> [Work to complete]:
Return the lines of the data below starting at the one holding "Elastoplast Waterproof Bandage" and ending at the one holding "Komplet ręczników z", word for word, leaving every picture out.

> [Supplied data]:

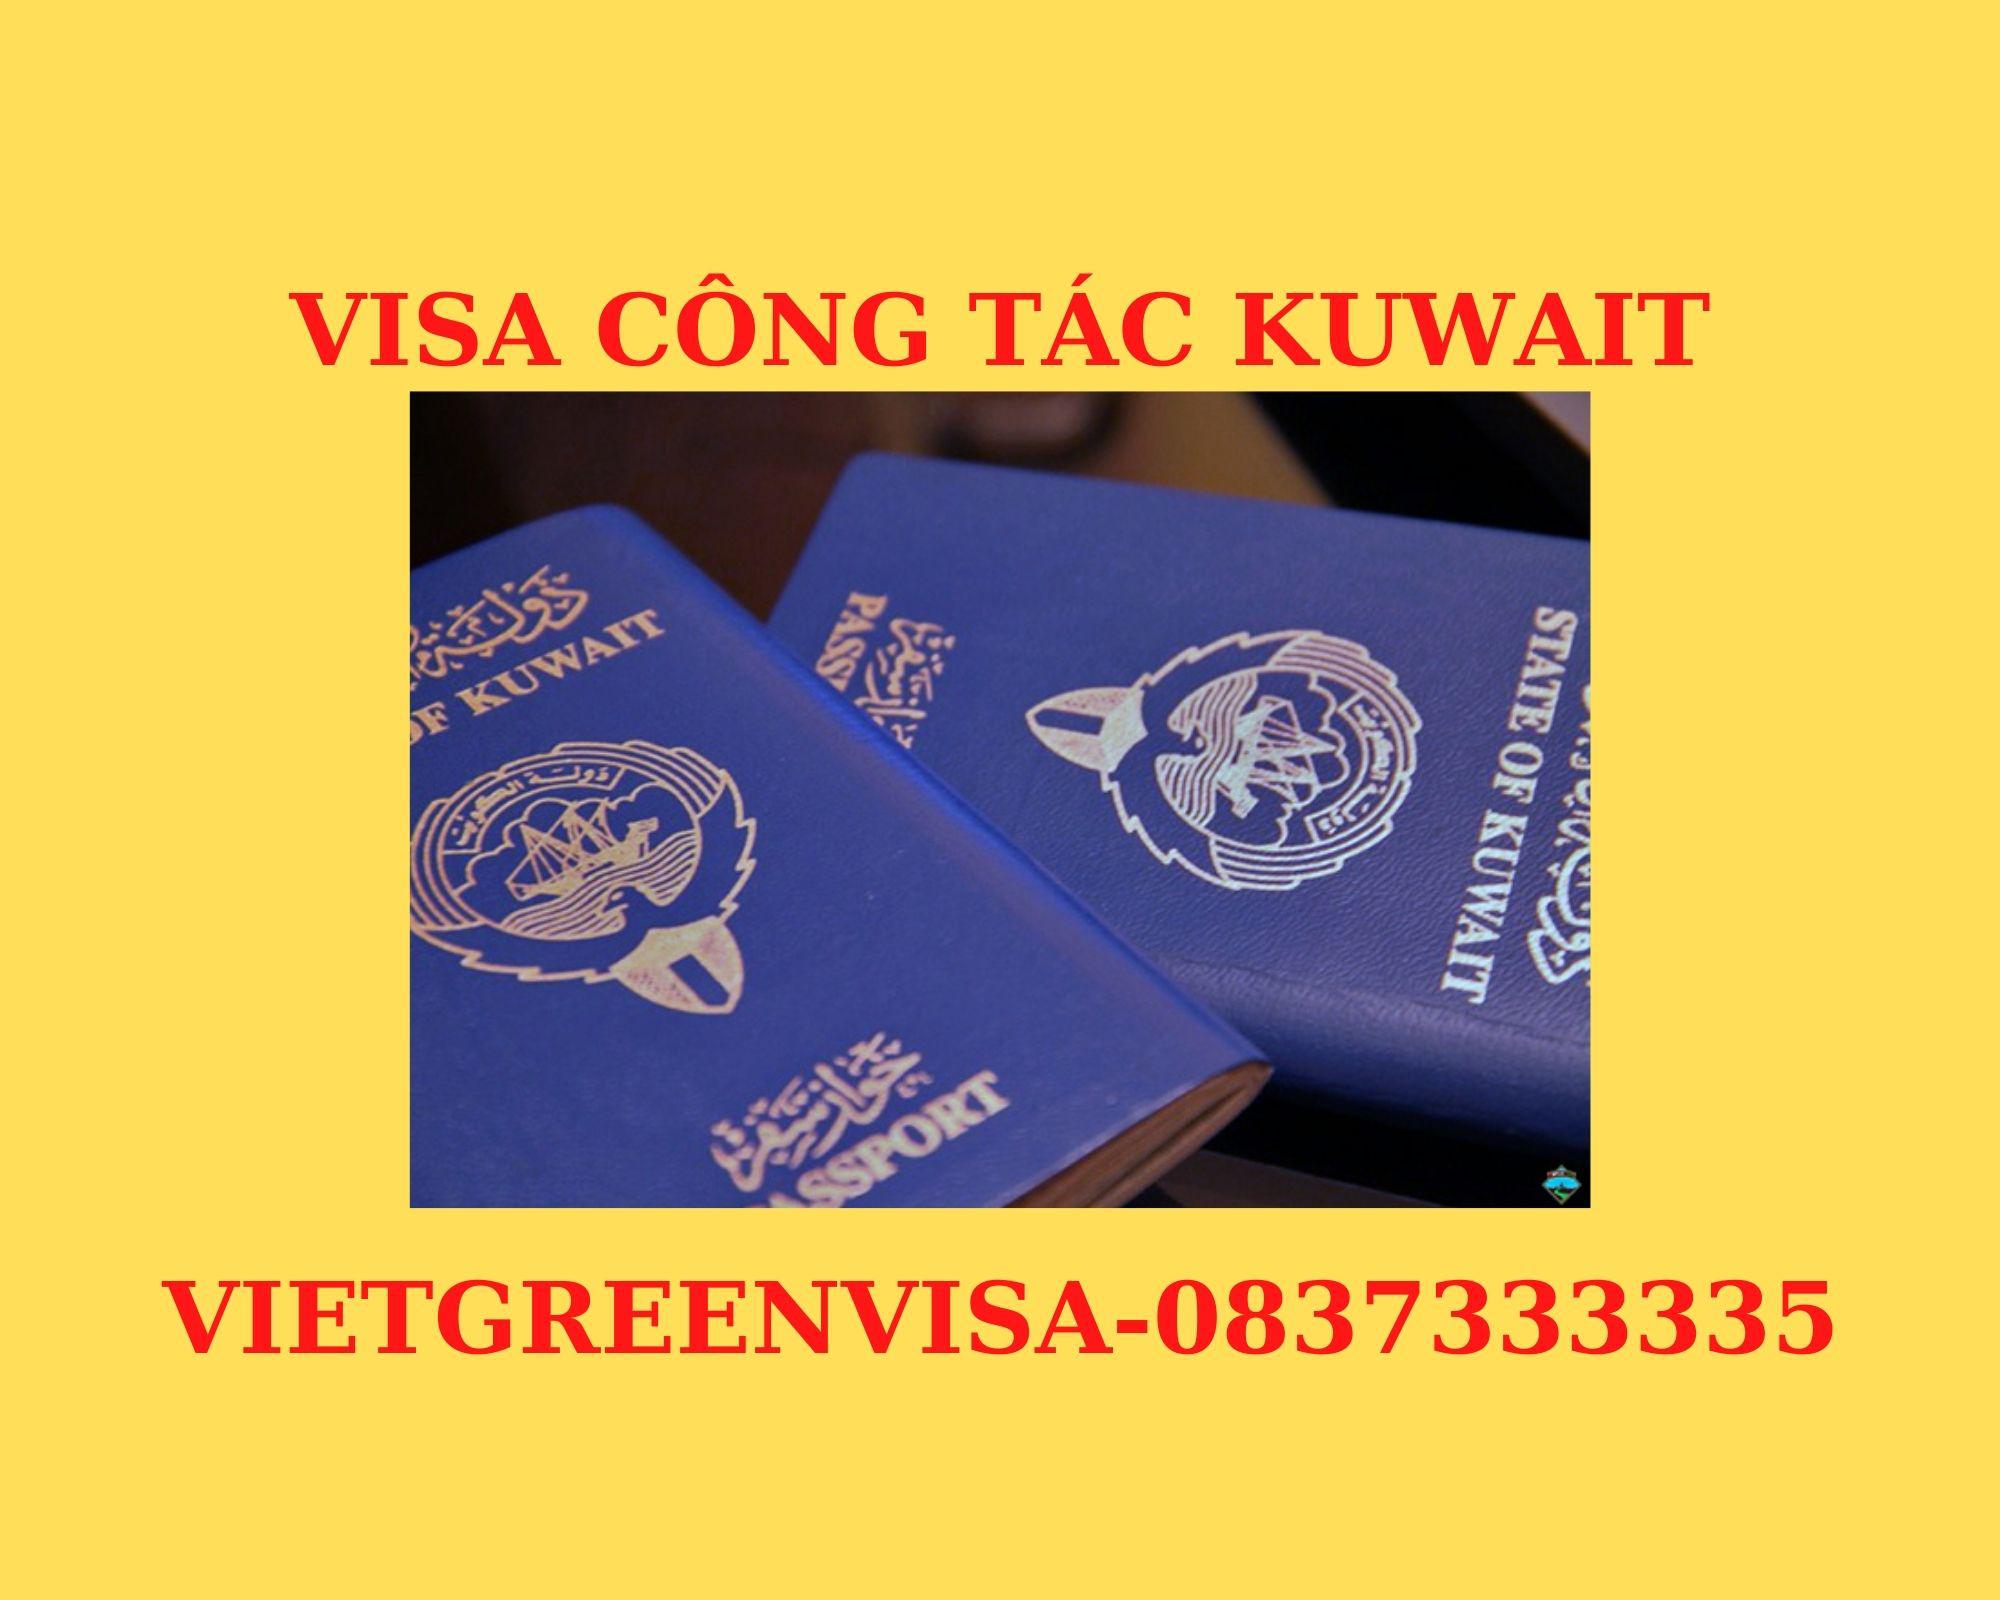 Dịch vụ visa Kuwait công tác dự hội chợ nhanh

--

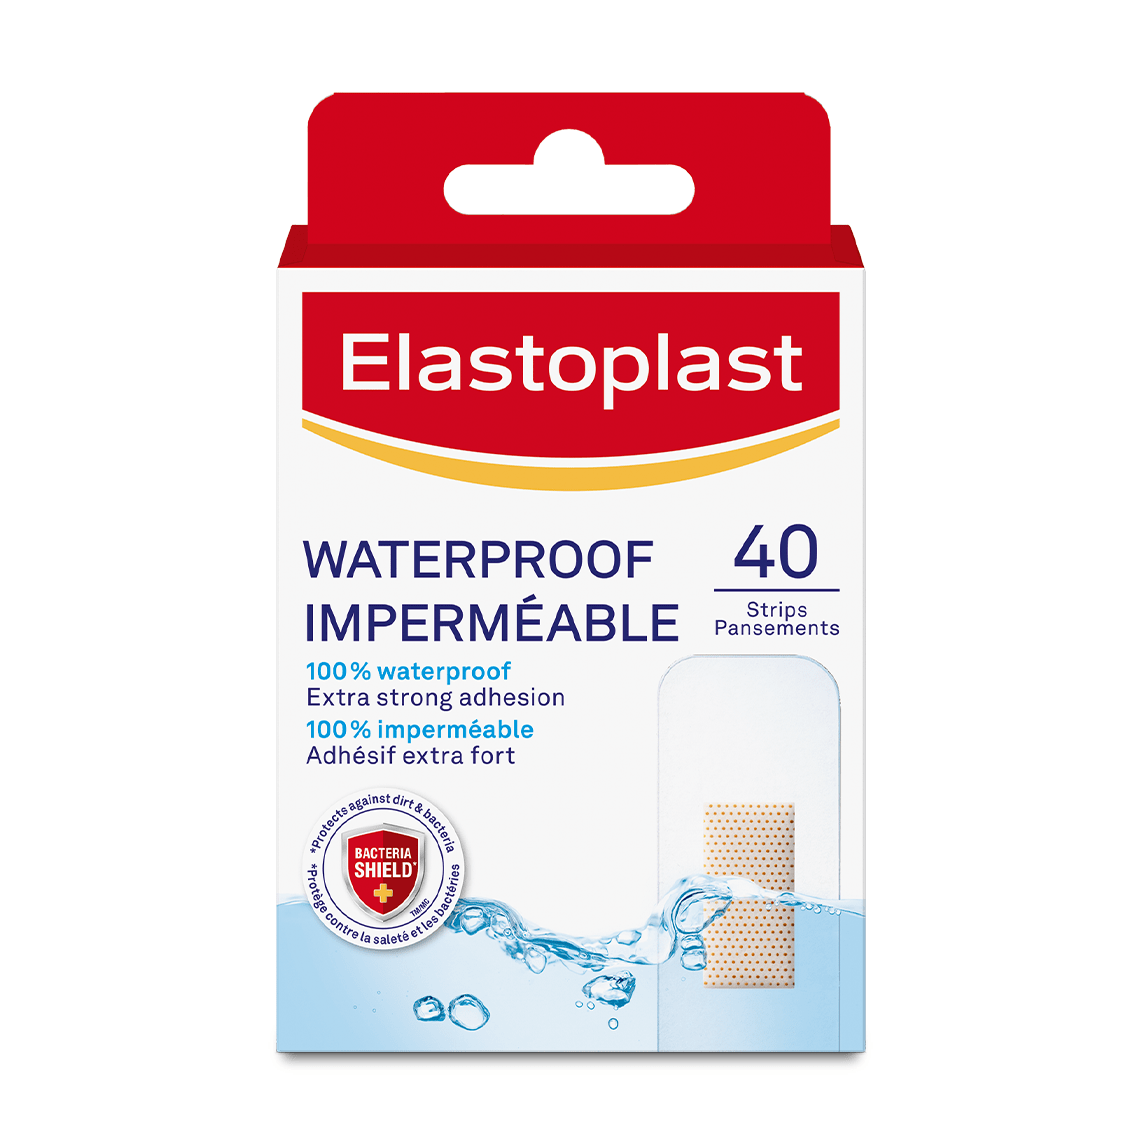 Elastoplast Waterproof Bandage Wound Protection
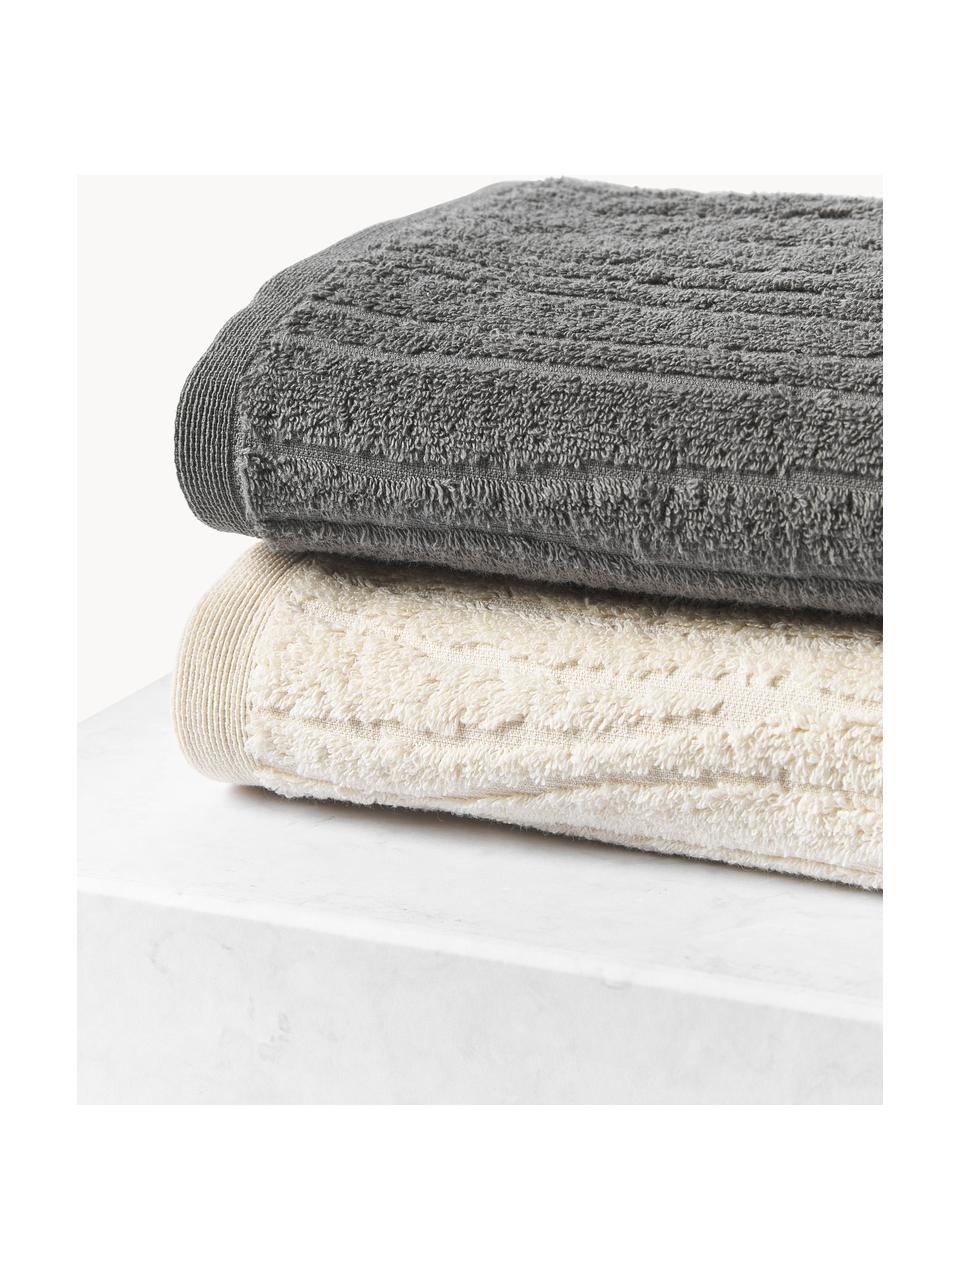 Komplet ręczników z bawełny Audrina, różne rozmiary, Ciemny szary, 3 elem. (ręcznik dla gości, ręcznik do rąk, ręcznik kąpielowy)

...

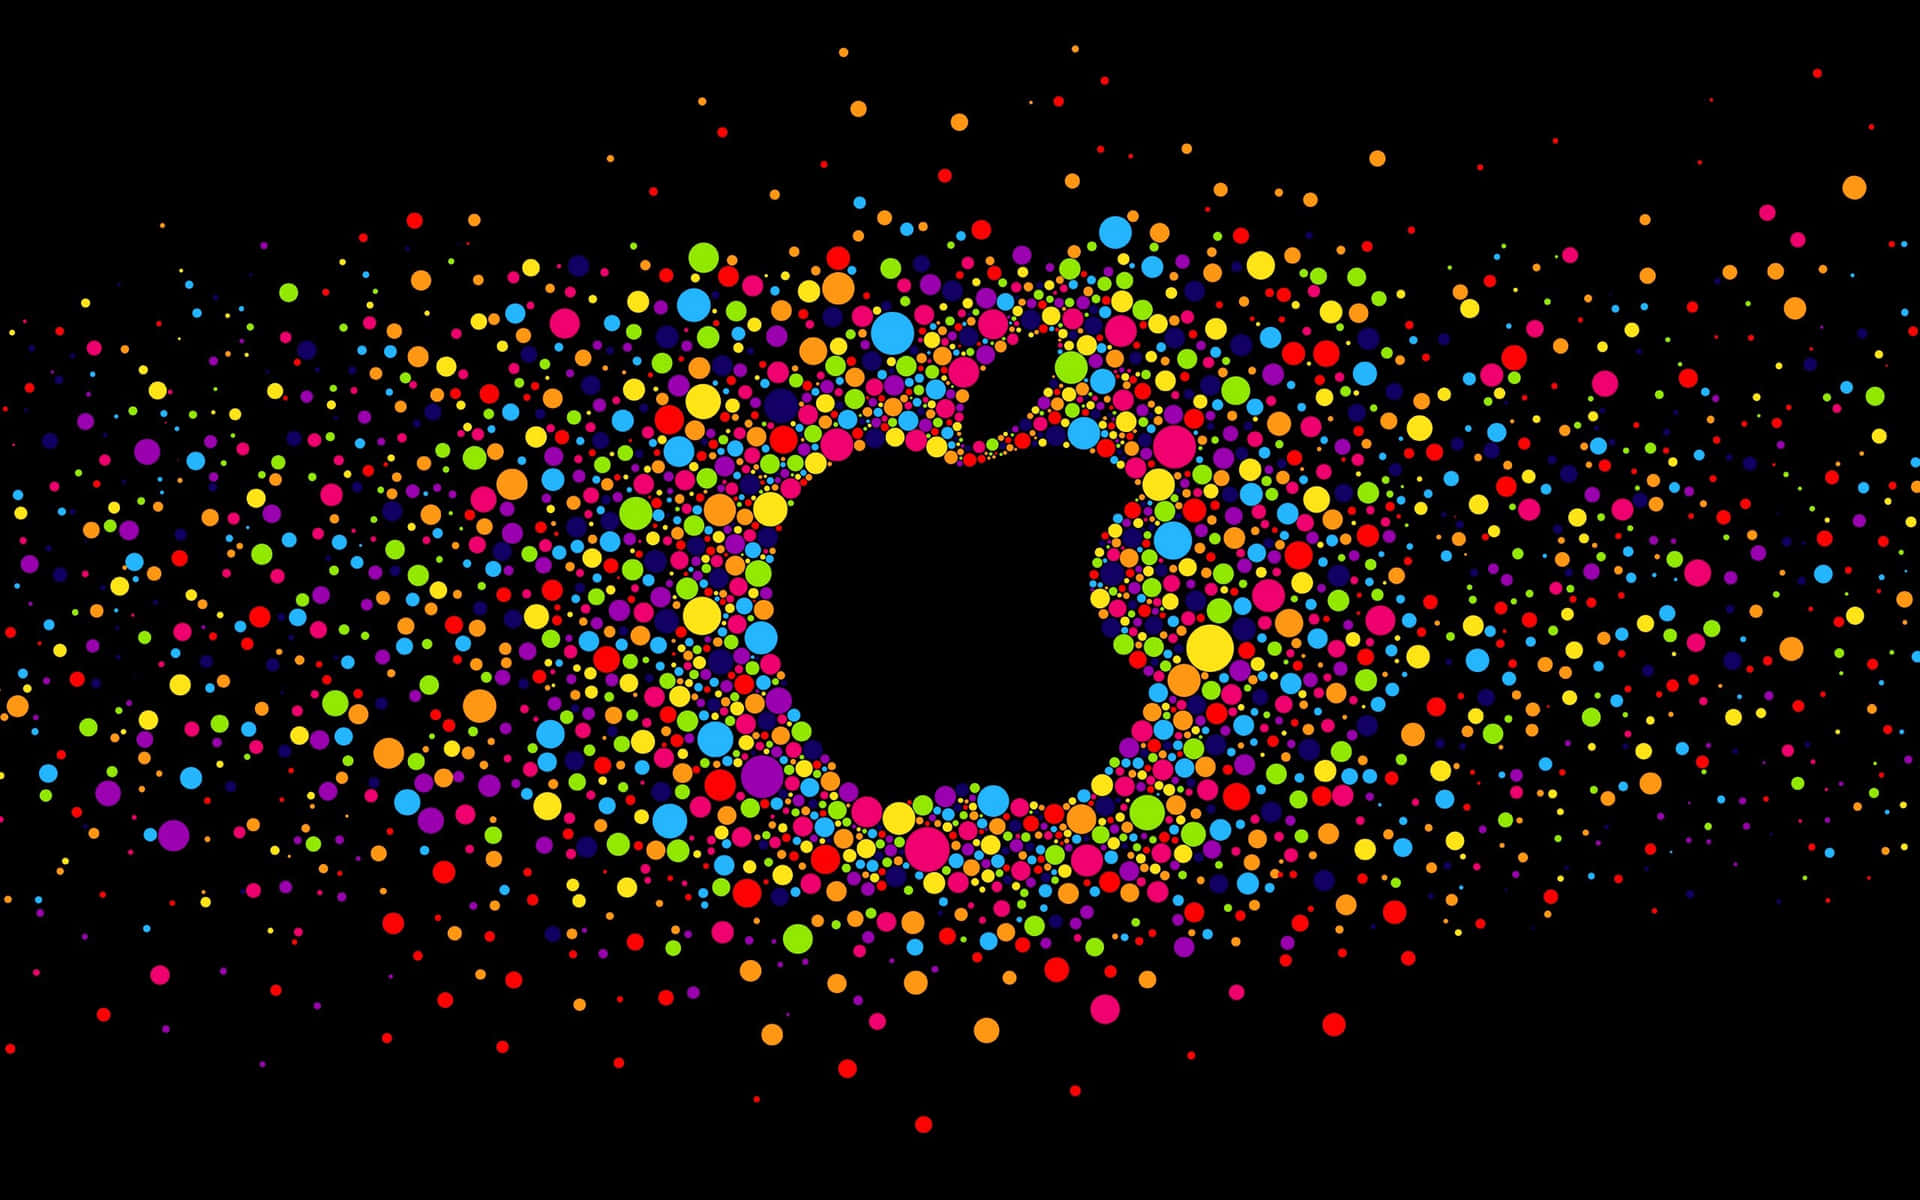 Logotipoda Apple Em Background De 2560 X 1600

> [Your solution]:
 Elastoplast Waterproof Bandage Wound Protection
 Komplet ręczników z bawełny Audrina, różne rozmiary, Ciemny szary, 3 elem. (ręcznik dla gości, ręcznik do rąk, ręcznik kąpielowy)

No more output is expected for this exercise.